The IT department is the hub, but it cannot succeed alone.

Finance, HR, Legal, and Operations

These departments play a crucial role that's often underestimated:

Finance: Are budgets directly tied to risk reduction? Are security investments viewed as strategic expenditures or cost factors? The finance department must understand and support the business case for cybersecurity.

Human Resources (HR): Are new employees trained in security awareness from day one? Do clear onboarding and offboarding processes exist with a focus on access rights? HR is responsible for the human firewall.

Legal: Are regulatory requirements (GDPR, NIS2, critical infrastructure regulations, etc.) being met? Are contracts with service providers reviewed for data protection and security? The legal department must ensure compliance.

Operations: Are "Secure by Design" principles integrated into development and business processes? Are security requirements considered from the start?

Communications Department

In a crisis, fast, clear communication is decisive. The questions are:

  • Does a crisis communications plan exist that also covers cyberattacks?
  • Has this plan been tested and updated?
  • Are responsibilities for internal and external communication clearly defined?
  • Do we know when and how to inform customers, partners, and authorities?

Discipline, Preparation, and Resilience Instead of 100% Security

An uncomfortable truth: 100% security doesn't exist. Any system can be compromised if an attacker invests enough resources and time. The question isn't if but when an attack will occur.

What truly matters are three factors:

  1. Discipline: Consistent implementation of security measures, even when inconvenient.
  2. Preparation: Regular exercises, current plans, and trained employees.
  3. Resilience: The ability to quickly recover and continue operations after an incident.

These three elements only work when every team member knows their position and responsibility.

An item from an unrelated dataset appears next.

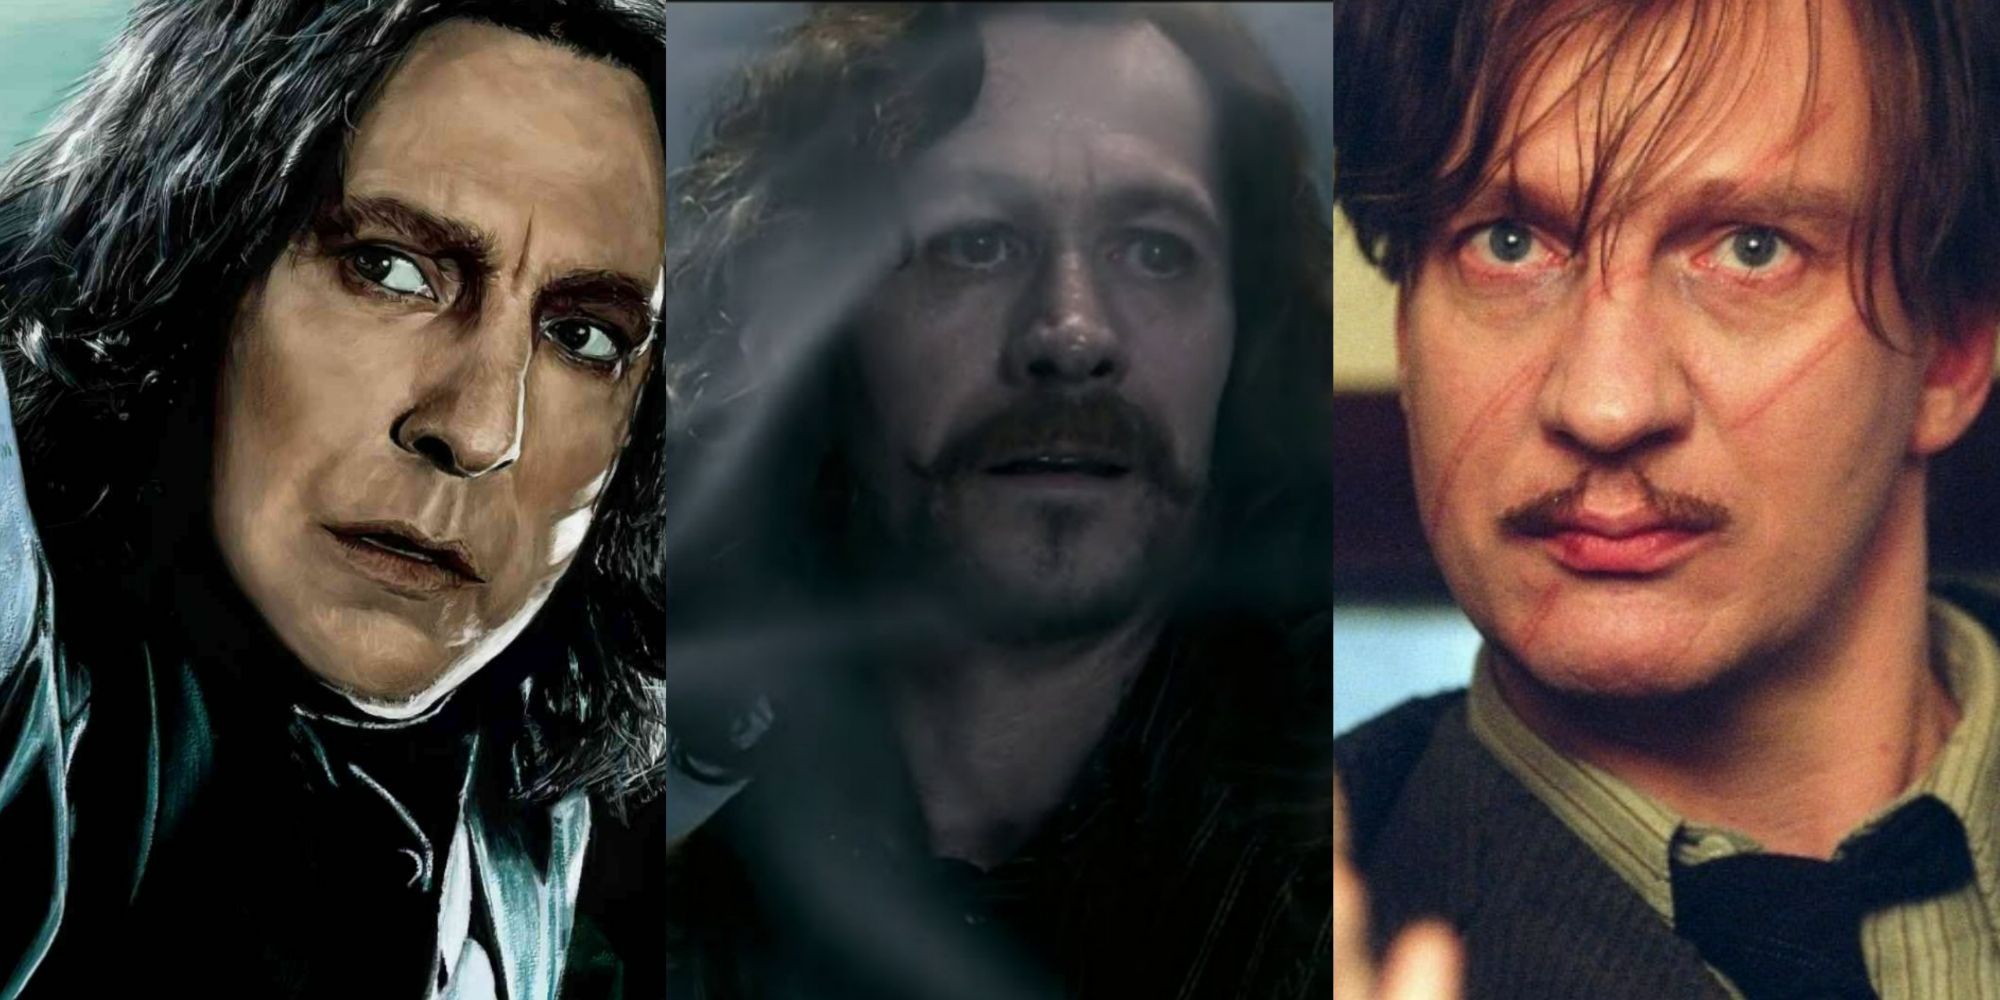 A tri-split image showing, from left to right, Snape, Sirius, and Lupin from Harry Potter.

Concrete Action Recommendations

For Leaders

Ask yourself the critical question: Is cyber risk still "an IT topic" in your organization, or have you elevated it to a board-level responsibility?

If you take cybersecurity seriously, you should:

  • Introduce quarterly cyber risk reviews
  • Allocate budget for security training for all employees
  • Commission an external security audit
  • Conduct tabletop exercises with all relevant stakeholders

For Teams and Departments

Every employee should be able to answer these two questions with "yes":

  • Do I know my role in the company's security concept?
  • Do I know by what metrics my contribution to security is measured?

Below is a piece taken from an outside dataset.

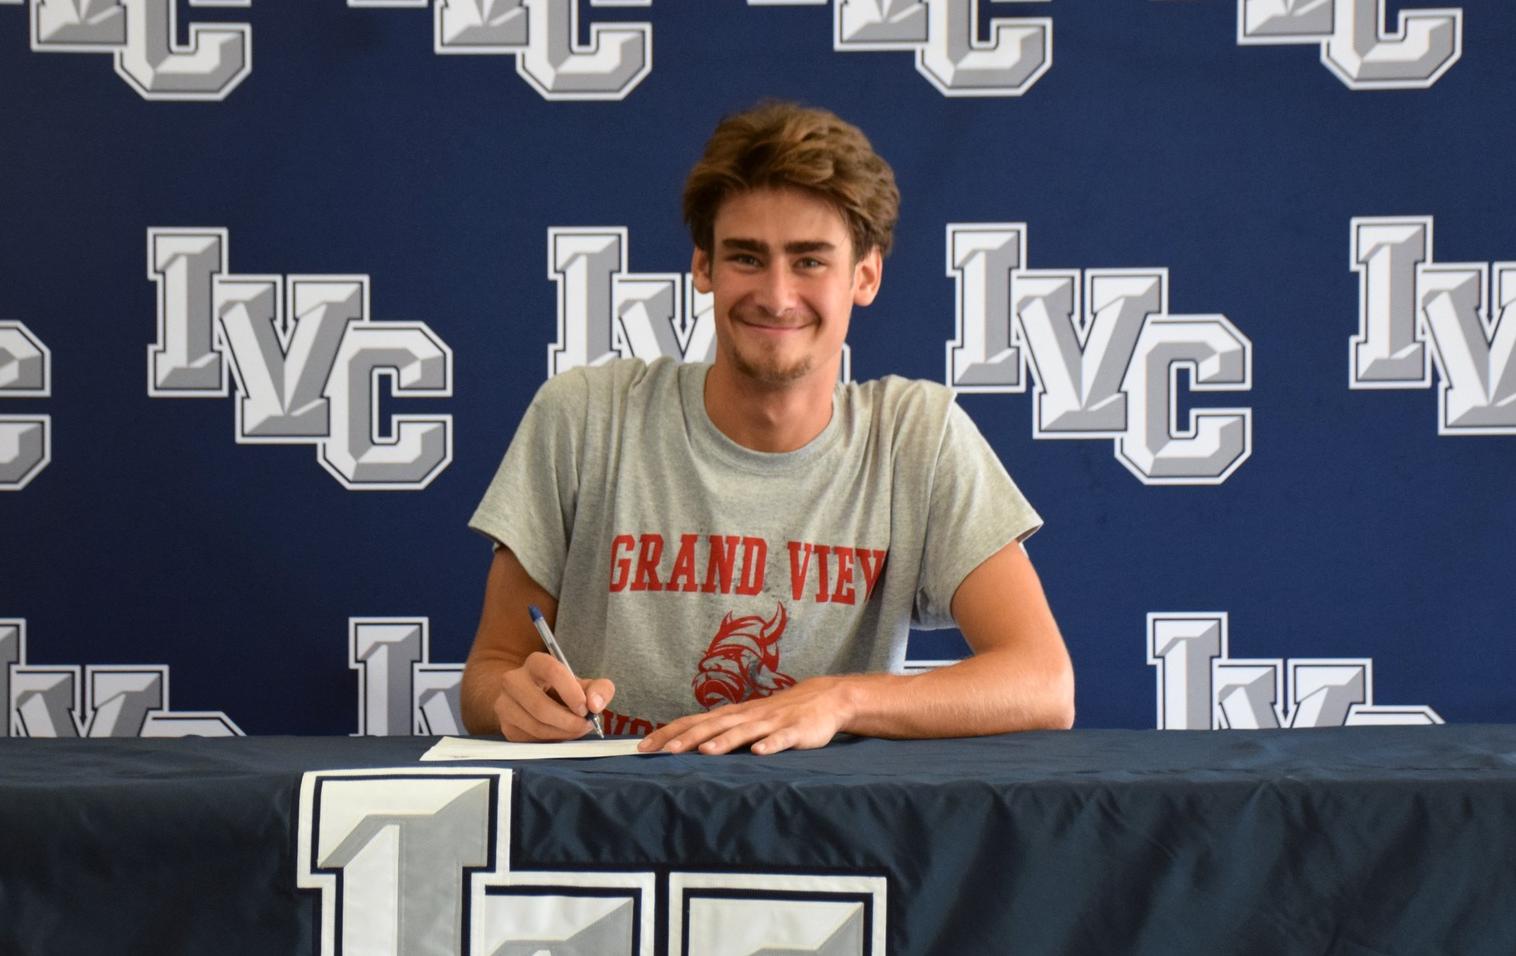 Men's volleyball player Pat Furlong headed to Grand View

If not, it's time for a conversation with the CISO or leadership.

Conclusion: Let's Make Cybersecurity a True Team Sport

Digitalization permeates all business areas, making cybersecurity a fundamental prerequisite for business success. An isolated IT security team cannot overcome this challenge alone.

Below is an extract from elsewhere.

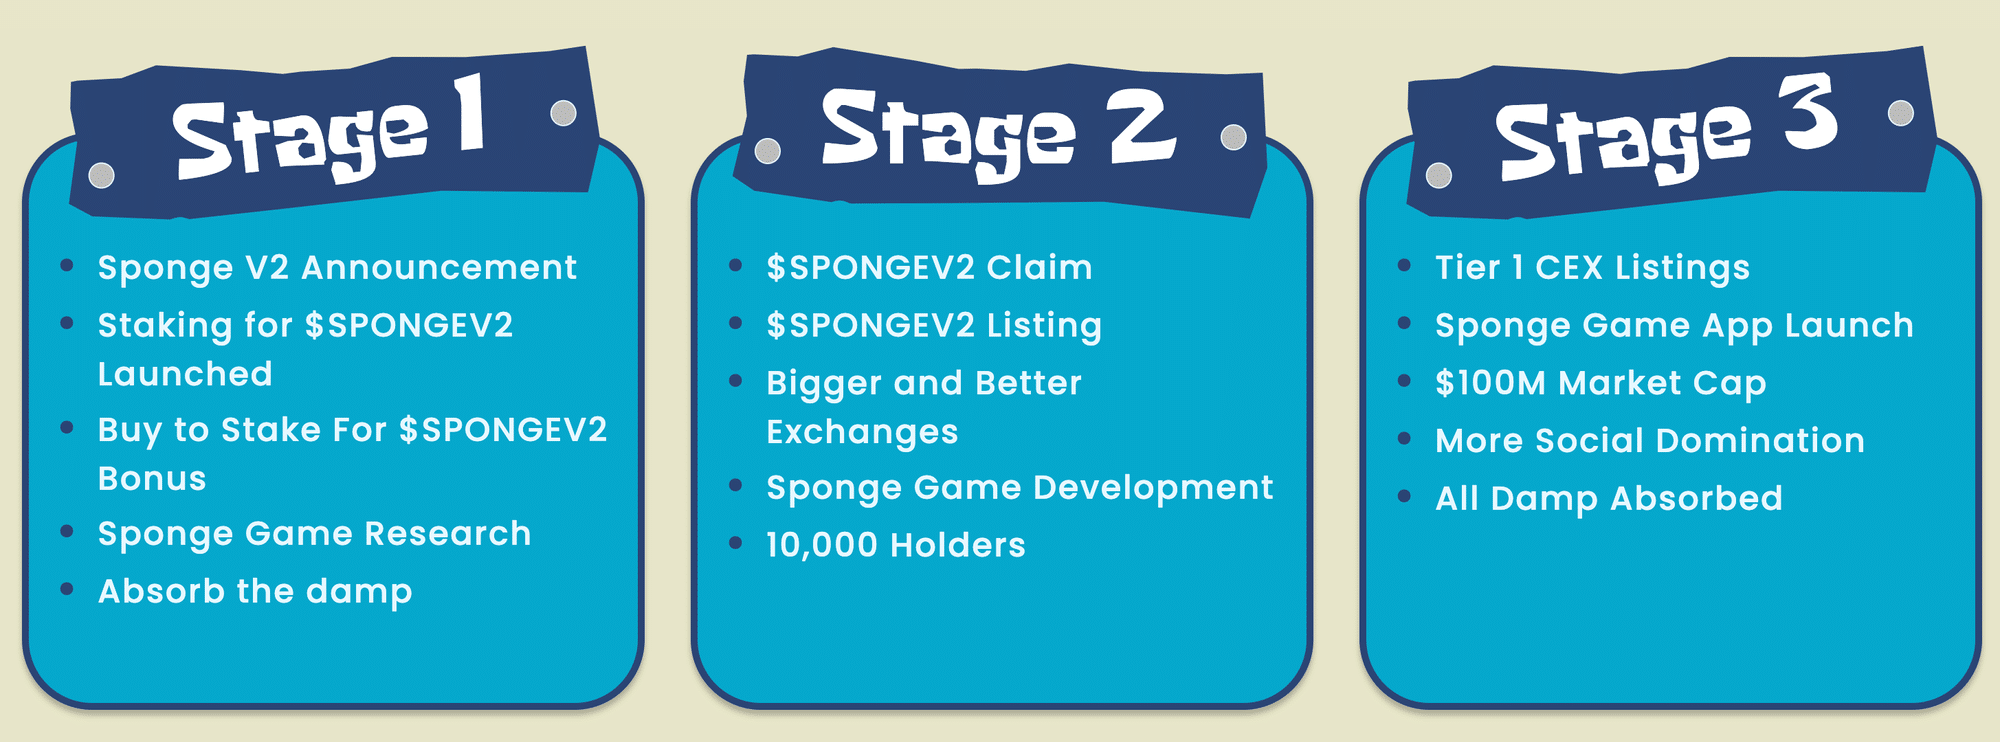  Sponge V2, the latest iteration of the renowned Sponge ($SPONGE) meme coin, is making waves in the cryptocurrency market. Following the phenomenal success of Sponge V1, which peaked at nearly $100 million in market cap and amassed over 13,000 holders, Sponge V2 arrives with promising innovations and opportunities for investors. How to Acquire Sponge V2 LEIA Price Analysis: As Leia token hammers a skyrocketing all-time high, could illiquidity and retracement risk crash this Solana Memecoin? Acquiring Sponge V2 is unique: Stake Sponge V1: Buy and stake V1 tokens via Sponge.vip or stake your existing V1 tokens. Earn More V2: The longer and more V1 tokens you stake, the more V2 tokens you earn. Read more: Best Crypto to Invest In 2024 Staking Mechanics and P2E Integration Sponge V2 introduces Play-to-Earn (P2E) utility, enhancing its ecosystem. Stake your V1 tokens to earn V2, and engage in the upcoming P2E game to earn additional $SPONGEV2 tokens. Moreover, this P2E game, a new utility in the Sponge ecosystem, will feature both free and paid versions for enhanced gaming and earning experiences. Unique Aspects of Sponge V2 Over PINKY Price Analysis Exclusive Access: Earn $SPONGEV2 exclusively through $SPONGE staking. Bonus Rewards: Buying and staking $SPONGE offers special $SPONGEV2 bonuses. Passive Earnings: Staked $SPONGE tokens yield passive rewards, starting at a minimum 40% APY. Permanent Transition: Staking V1 tokens will result in their permanent locking, shifting the focus to V2 post-launch. Roadmap and Future Prospects Sponge V2’s roadmap is ambitious, targeting 10,000 holders, Tier 1 CEX listings, and a $100M market cap. The launch stages include the Sponge game’s development and the Sponge V2 claim and listing. Sponge V2 is not just a sequel to its predecessor; it’s a reinvention with a focus on utility and community engagement. The integration of P2E and exclusive staking mechanisms make it a standout project in the meme coin domain. Stay updated on Sponge V2’s journey through social channels and witness its growth in the crypto world. Get Sponge V2 Here

The most successful companies are those that have integrated cybersecurity into their corporate culture, where every department knows and fulfills its responsibility, and where leadership leads by example.

The next cyberattack is certain to come. The question is: Will your team play together, or will everyone stand alone on the field?

Your Next Steps: Within the next two weeks, initiate a cross-functional meeting on cybersecurity. Invite representatives from all departments. Discuss roles, responsibilities, and existing gaps. Turn cybersecurity into what it should be: a shared mission for your entire organization.

There is no silver bullet, no perfect defense. But there is collective accountability, systematic preparation, and organizational resilience. When everyone on the team knows their position and executes their role, your organization becomes exponentially more secure.

Stop treating cybersecurity as an IT problem. Start treating it as the team sport it truly is. Your organization's resilience depends on it.